For Attar, what happened with Daqneesh, who survived the airstrike, echoes the tragic death of 3-year-old Aylan Kurdi. He also became a symbol of the Syrian refugee crisis last year when his body washed up on a Turkish beach.

Image: Aylan Kurdi
A paramilitary police officer carries the lifeless body of Aylan Kurdi, 3. The child and several migrants died after boats carrying them to the Greek island of Kos capsized near the Turkish resort of Bodrum in September of 2015.NILUFER DEMIR / DHA via AP, file

“That pushed a larger engagement on the question of refugees,” said Attar. “Then, too, we saw a surge of donations and compassion. With the boy on the beach it lasted from September [2015] to the end of last year.”

It remained in the public eye for that stretch because many people — especially Americans — could empathize with people fleeing a war-torn homeland with their families in search of a safer place, said Attar.

But what’s happening now in places like Aleppo is unfathomable to most people. And the conflict in Syria is both confusing and shows no signs of ending any time soon.

“I think the ordinary person does care,” she said. “But they don’t know what to do. What can they do besides donate? What can they do for a child trapped inside Aleppo?”

That this is happening there is especially hard for Attar to bear because she spent a good chunk of her childhood in Syria’s biggest city — and because her family called it home for centuries.

“I was born in the United States and I went to Aleppo at age 12,” she said. “I am very attached to Aleppo, the home where I grew up. Watching it being destroyed in front of your eyes is heartbreaking.”

Image: SYRIA-CONFLICT
Syrian children carrying plastic toy guns play on a street in the rebel-held district of Aleppo.AMEER ALHALBI / AFP - Getty Images

Attar, 41, is the daughter of two Syrian physicians who arrived in the U.S. with four suitcases and the desire for a new life. A Chicago architect and a mother of two, she launched the Karam Foundation in 2007 and, since 2011, much of the focus of her work has been Syrian children.
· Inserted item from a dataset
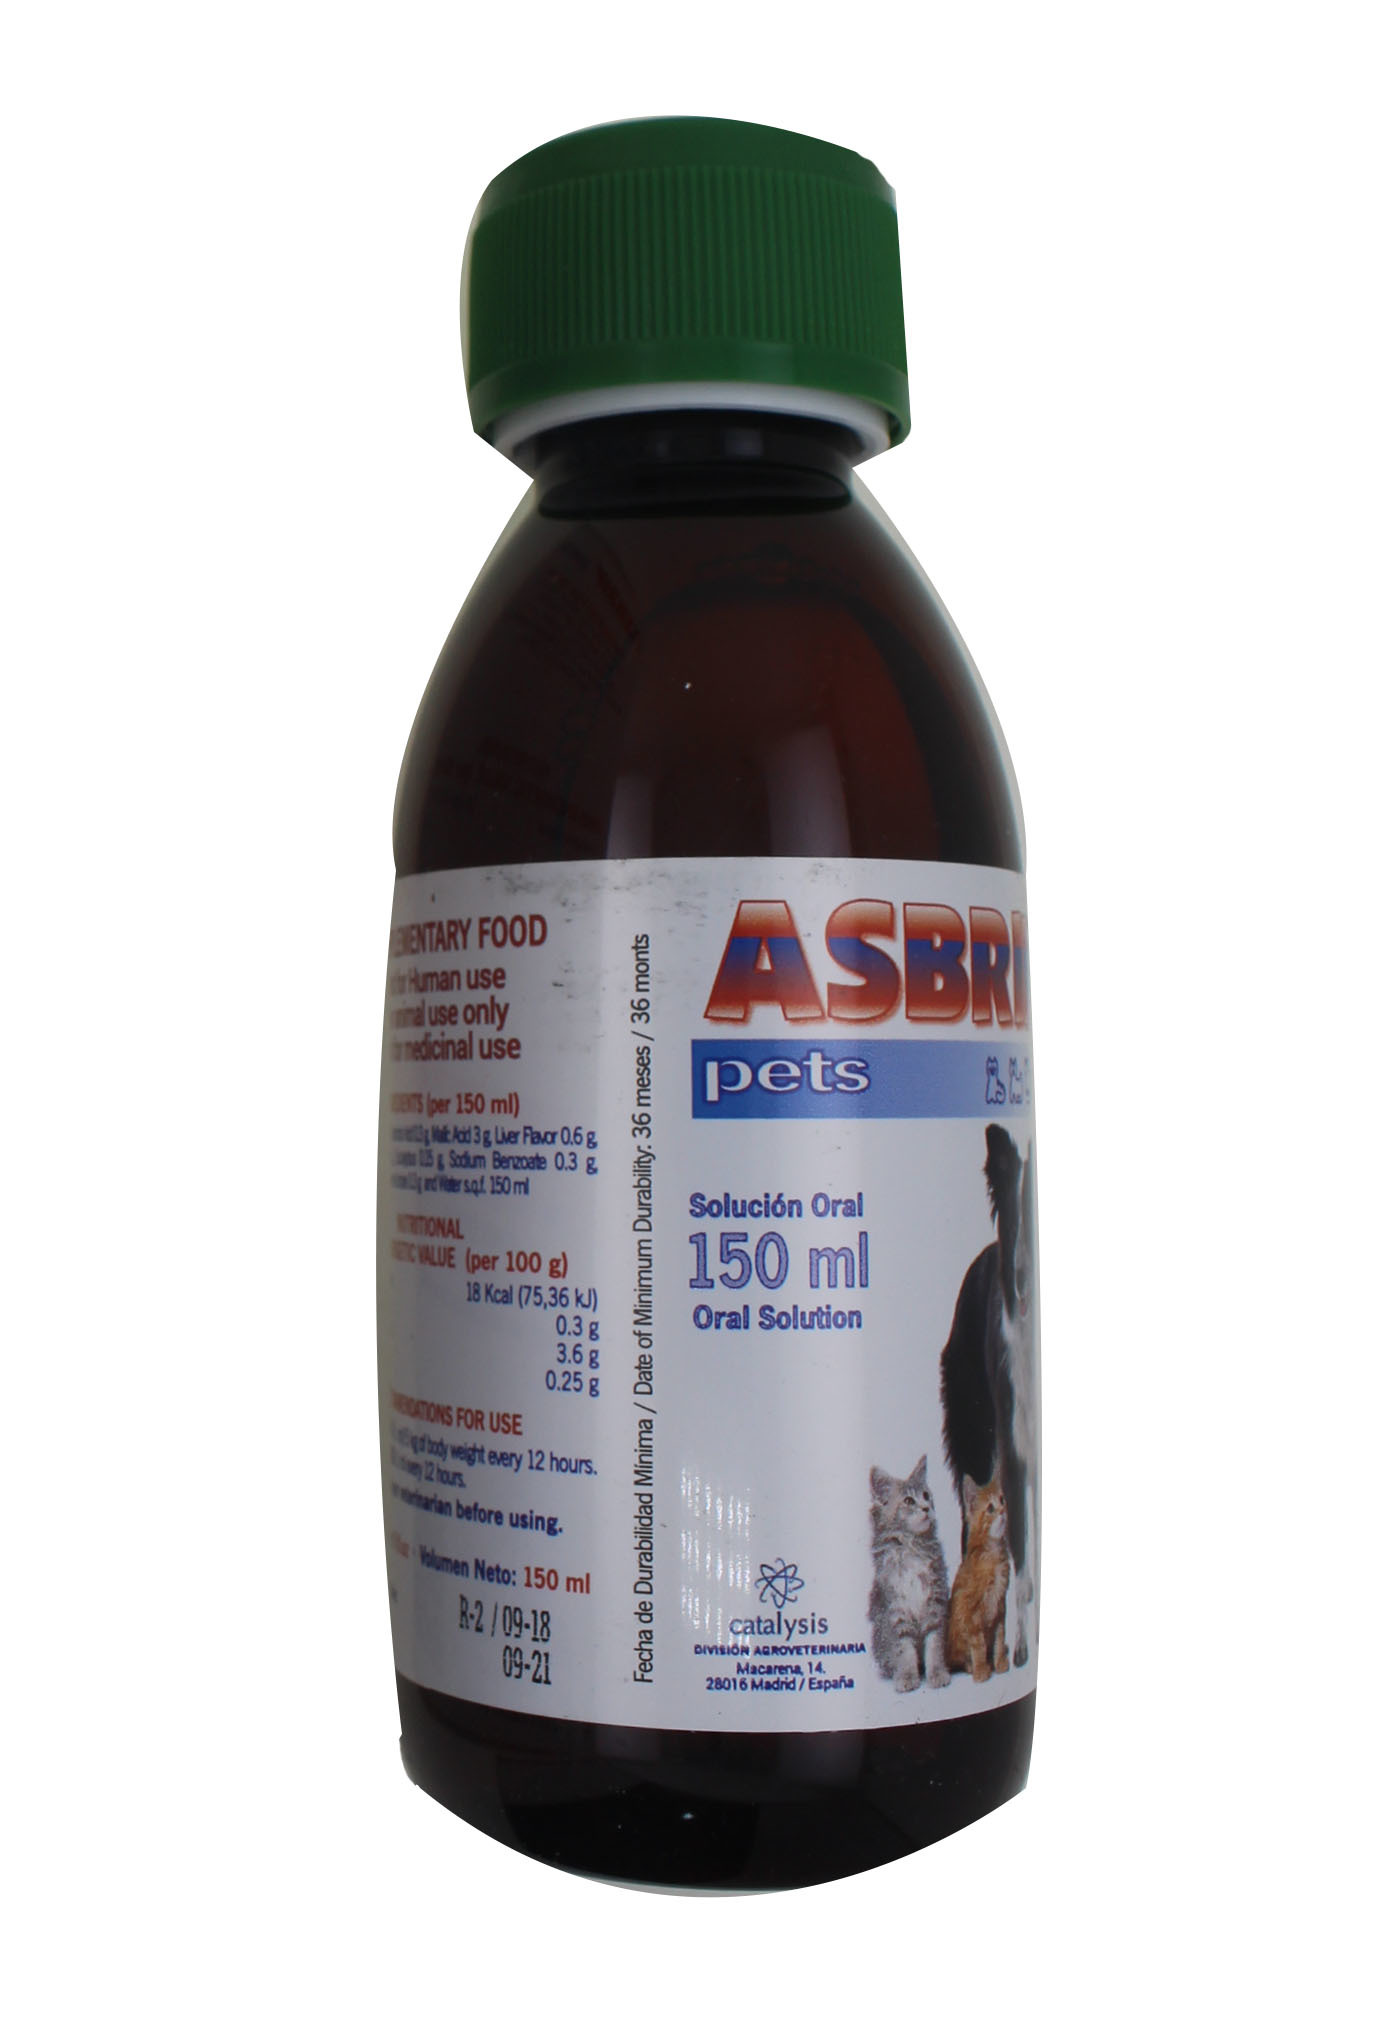 ASBRIP 150ML FOOD FOR PETS-FUMARIC ACID 1.5G+ASCORBIC ACI
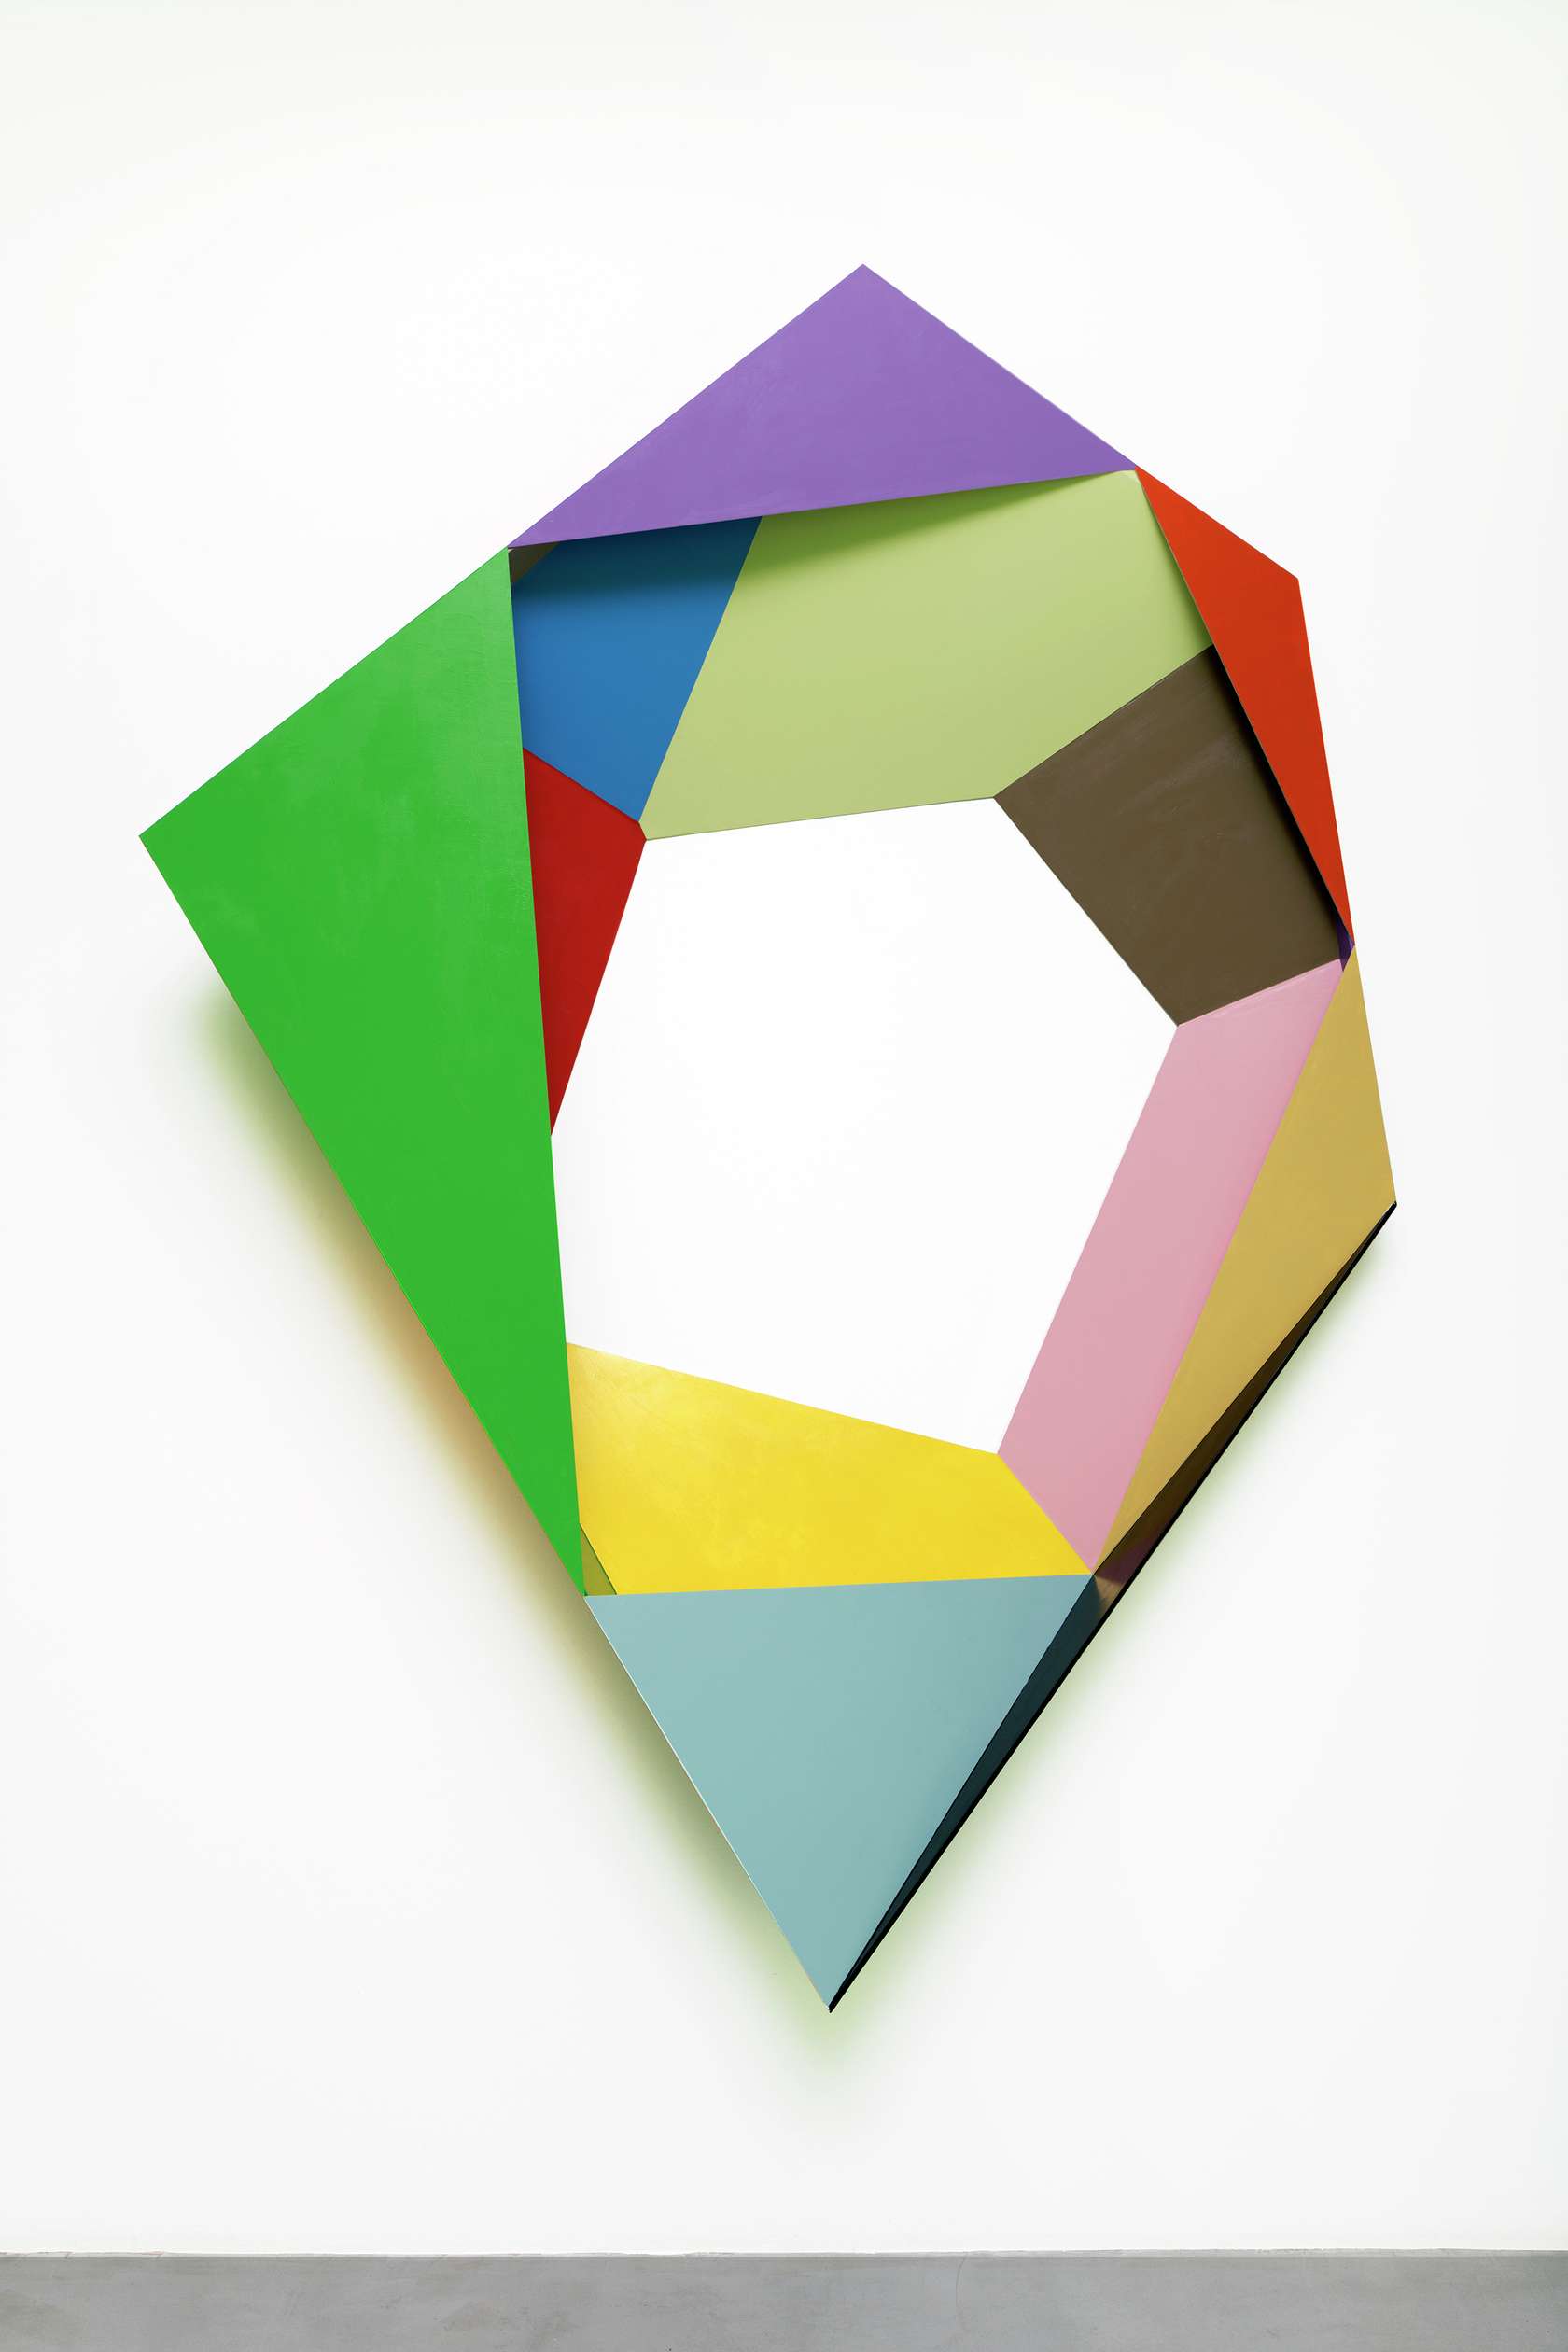 Beat Zoderer, Polygon n°1, 2018 Acrylique sur contreplaqué202 × 150 × 25.5 cm / 79 1/2 × 59  × 10  in.

Specifically, Attar’s organization offers stipends to Syrian families trapped in refugee camps in northern Syria, as well as Jordan and Lebanon, so that their children can afford to attend local schools. She estimates the charity has helped thousands of kids.

“What keeps me going is the actual work,” she said. “I know there is nothing I can do to change the outcome of the war. But for these kids, their lives change immediately when we send them back to school. The initiatives are simple but they change so much.”